### INFORMATION SUPPLIED
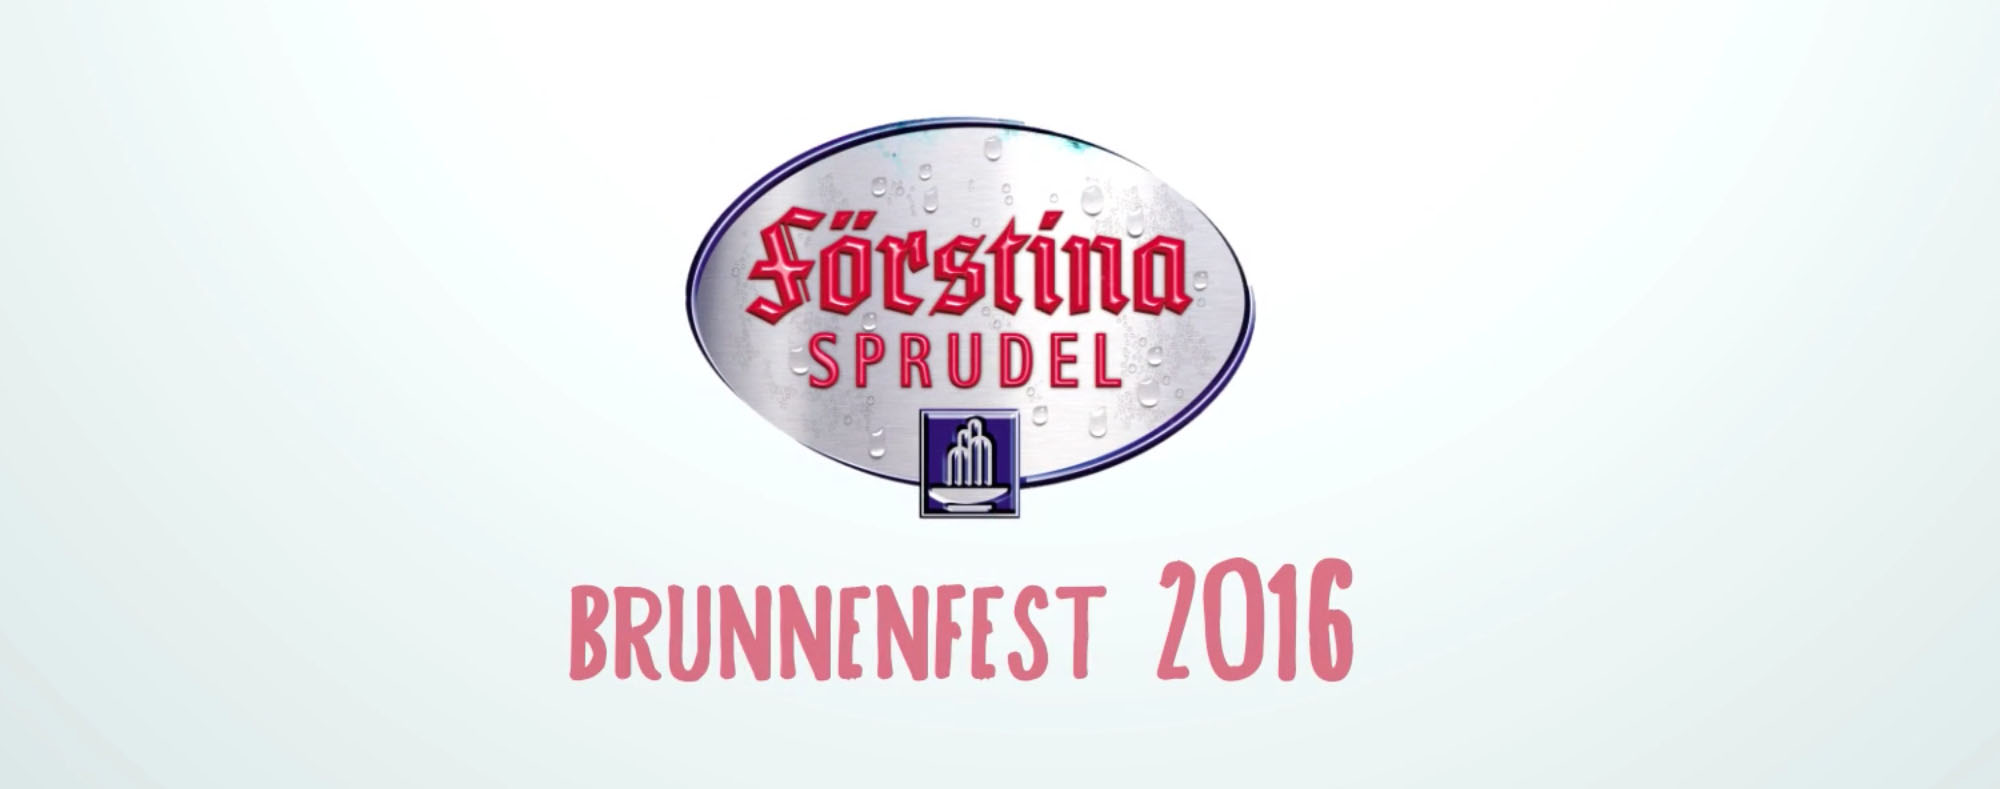 Förstina, Sprudel, Brunnenfest, 2016, Filmproduktion, Dokumentation
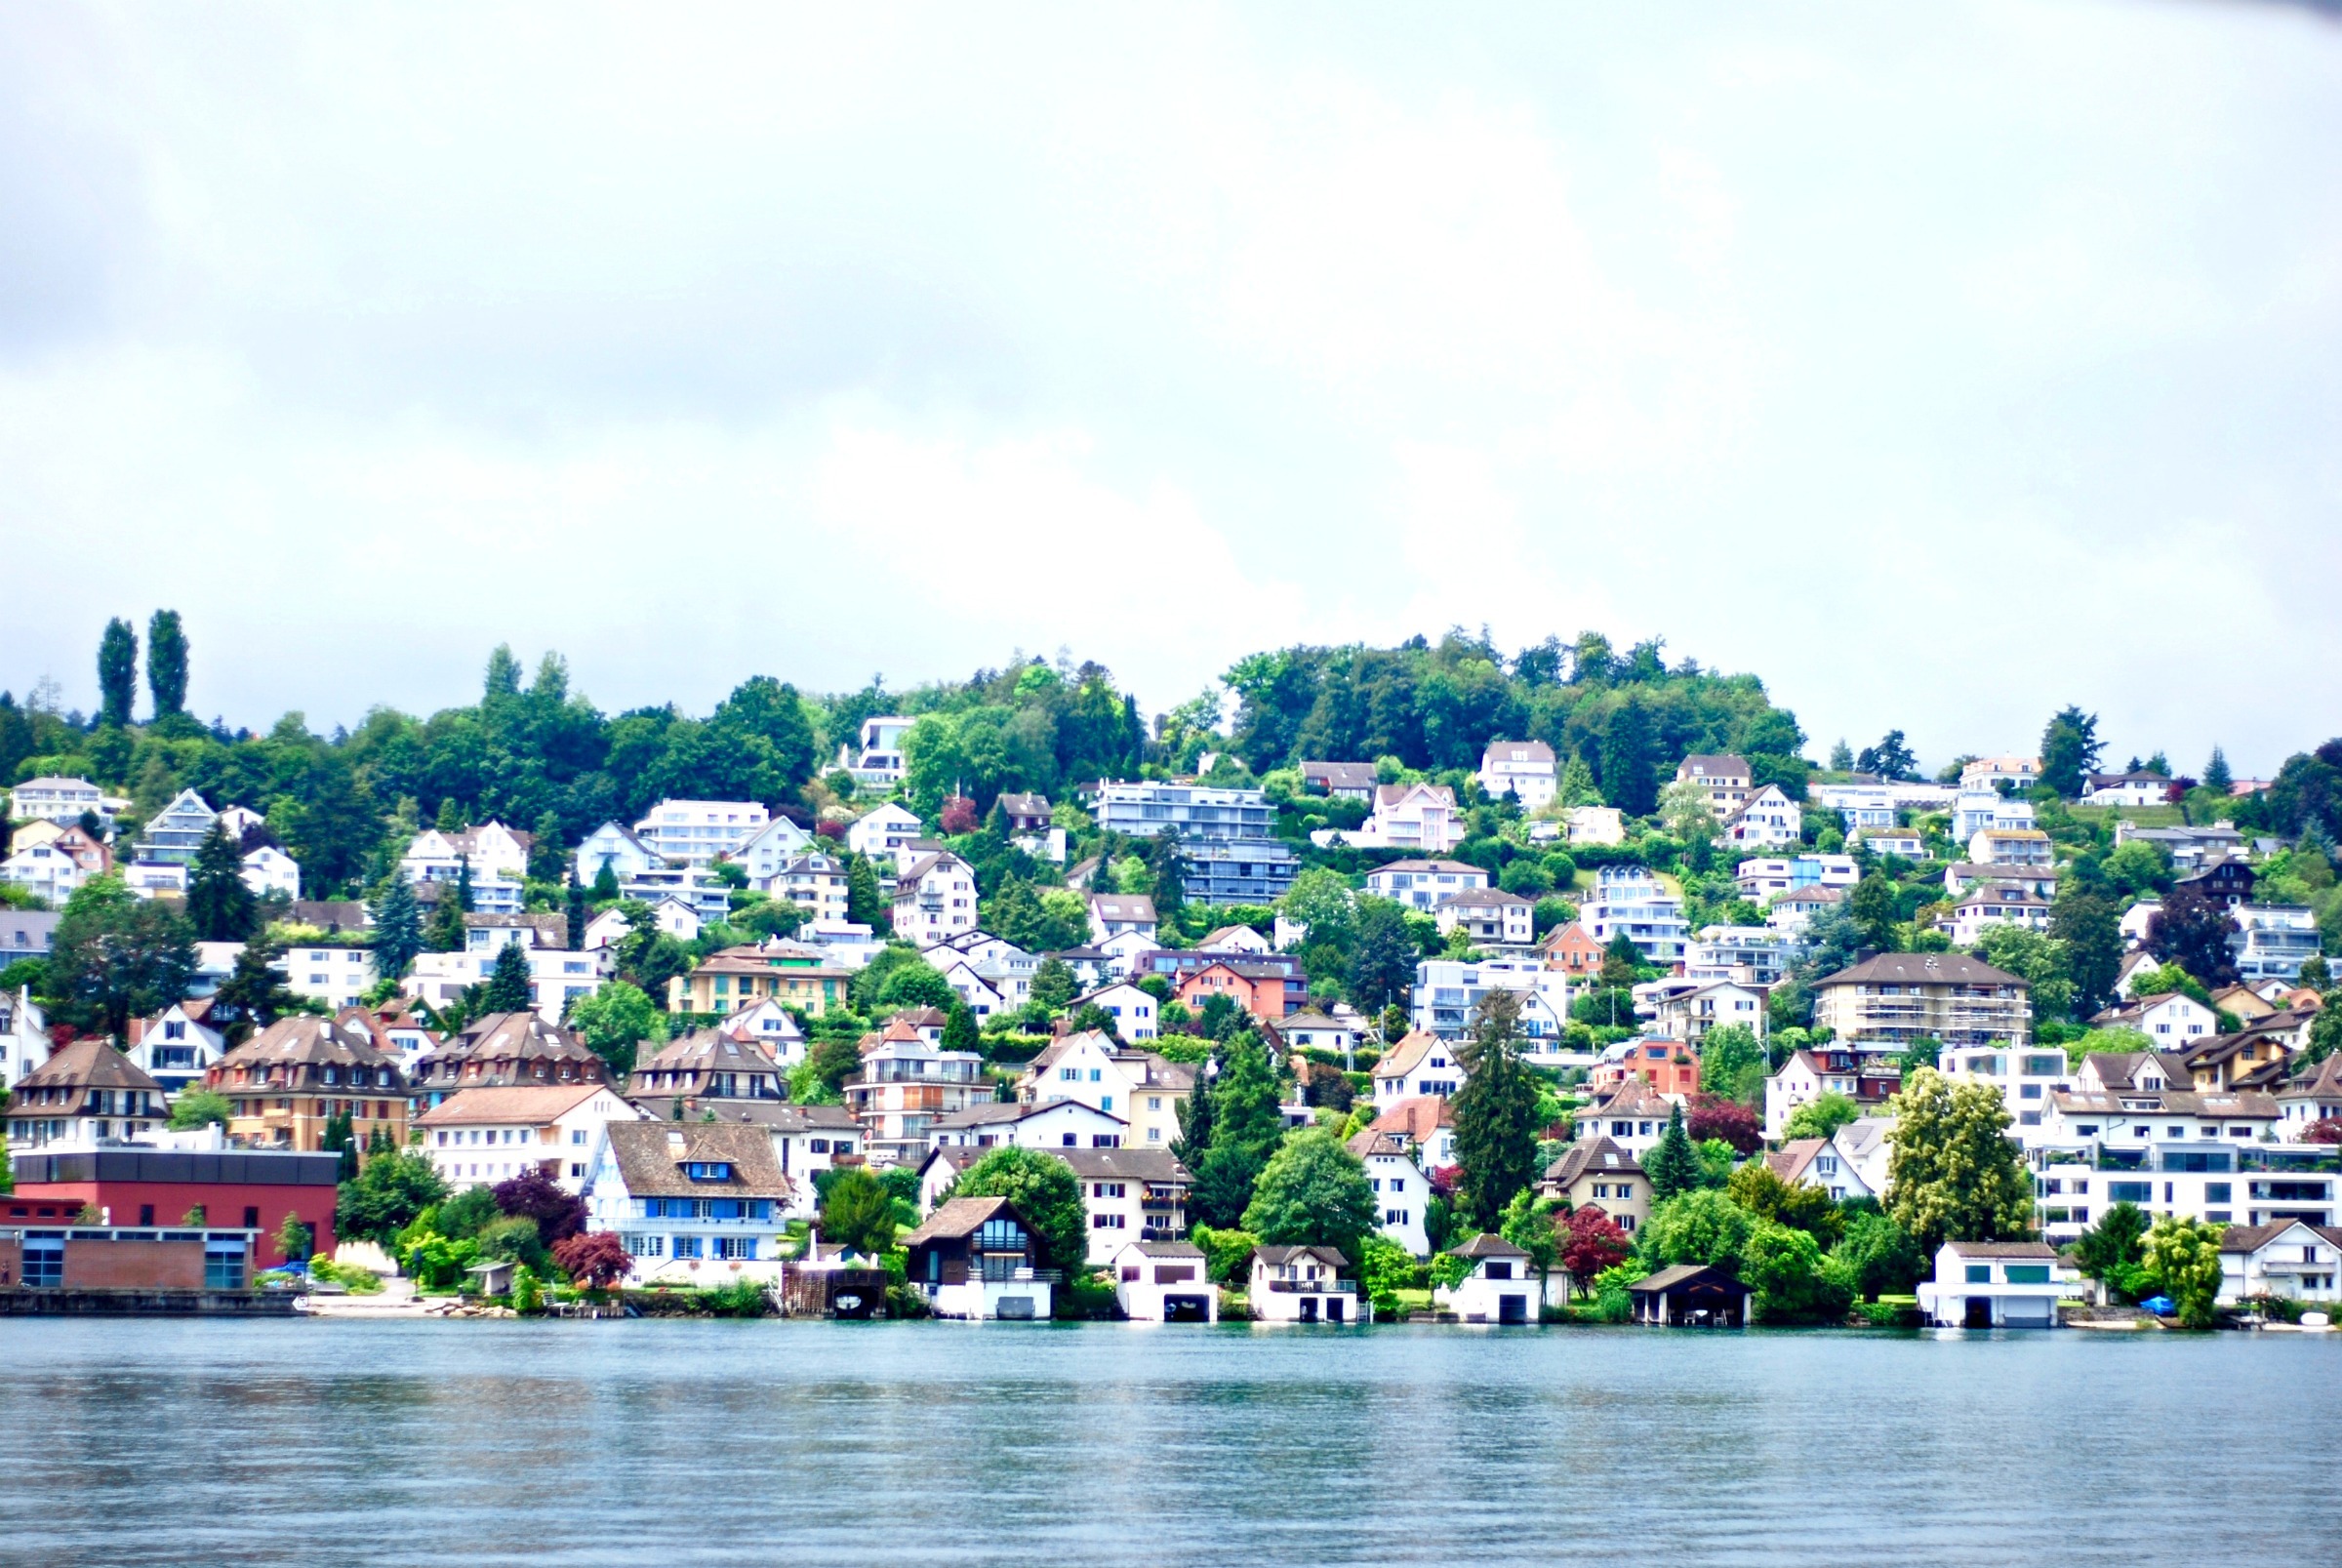 Lake Zurich Cruise , Zurich tours, Zurich sightseeing
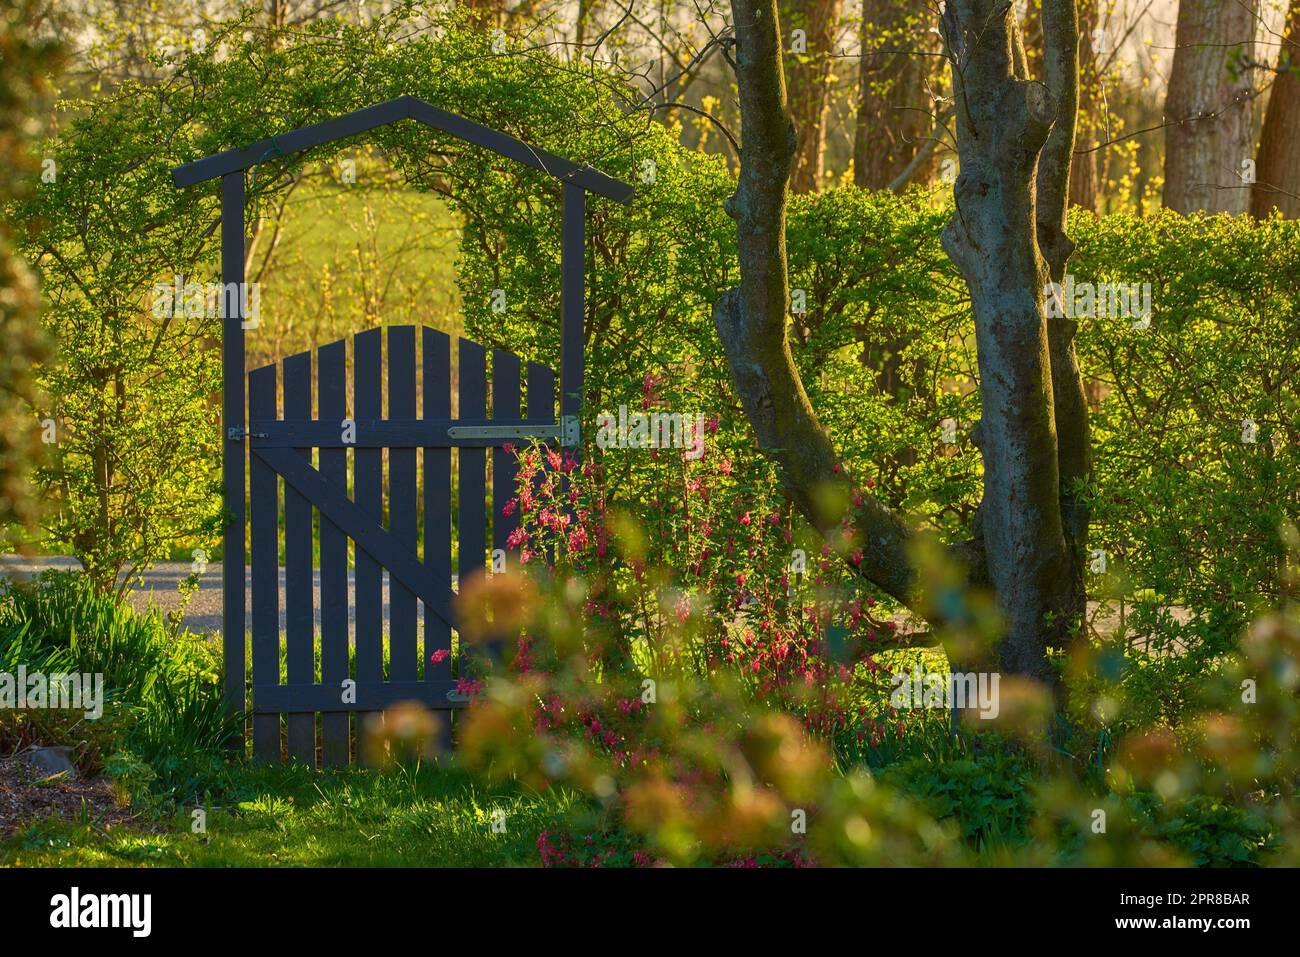 Petite porte en bois dans la campagne. Jardin verdoyant à l'entrée de la maison privée dans les bois. Sanctuaire ou havre de sécurité dans une région éloignée de la nature. Frontyard avec arbres, plantes et herbe verte Banque D'Images
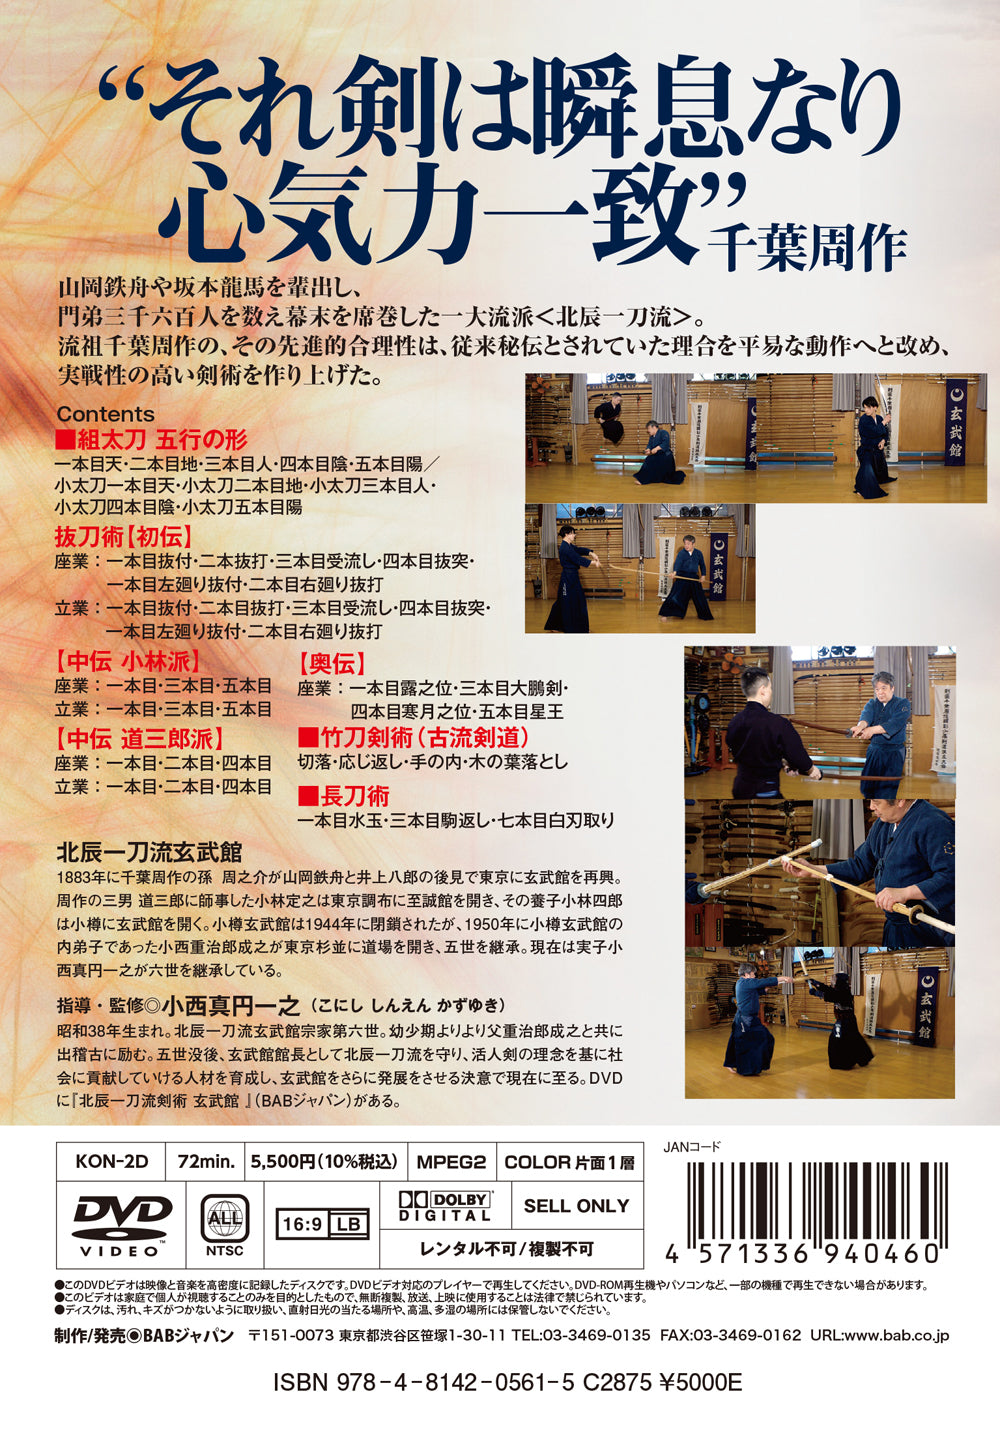 北辰一刀流剣術玄武館 Vol 2 DVD 小西茂次郎

### PROMPT
Starting at the line that holds "Lake Zurich Cruise", reproduce each line through the last one of the listing, and nothing more; the pictures stay out.

### ANSWER BOX
 Lake Zurich Cruise , Zurich tours, Zurich sightseeing
 Petite porte en bois dans la campagne. Jardin verdoyant à l'entrée de la maison privée dans les bois. Sanctuaire ou havre de sécurité dans une région éloignée de la nature. Frontyard avec arbres, plantes et herbe verte Banque D'Images
 北辰一刀流剣術玄武館 Vol 2 DVD 小西茂次郎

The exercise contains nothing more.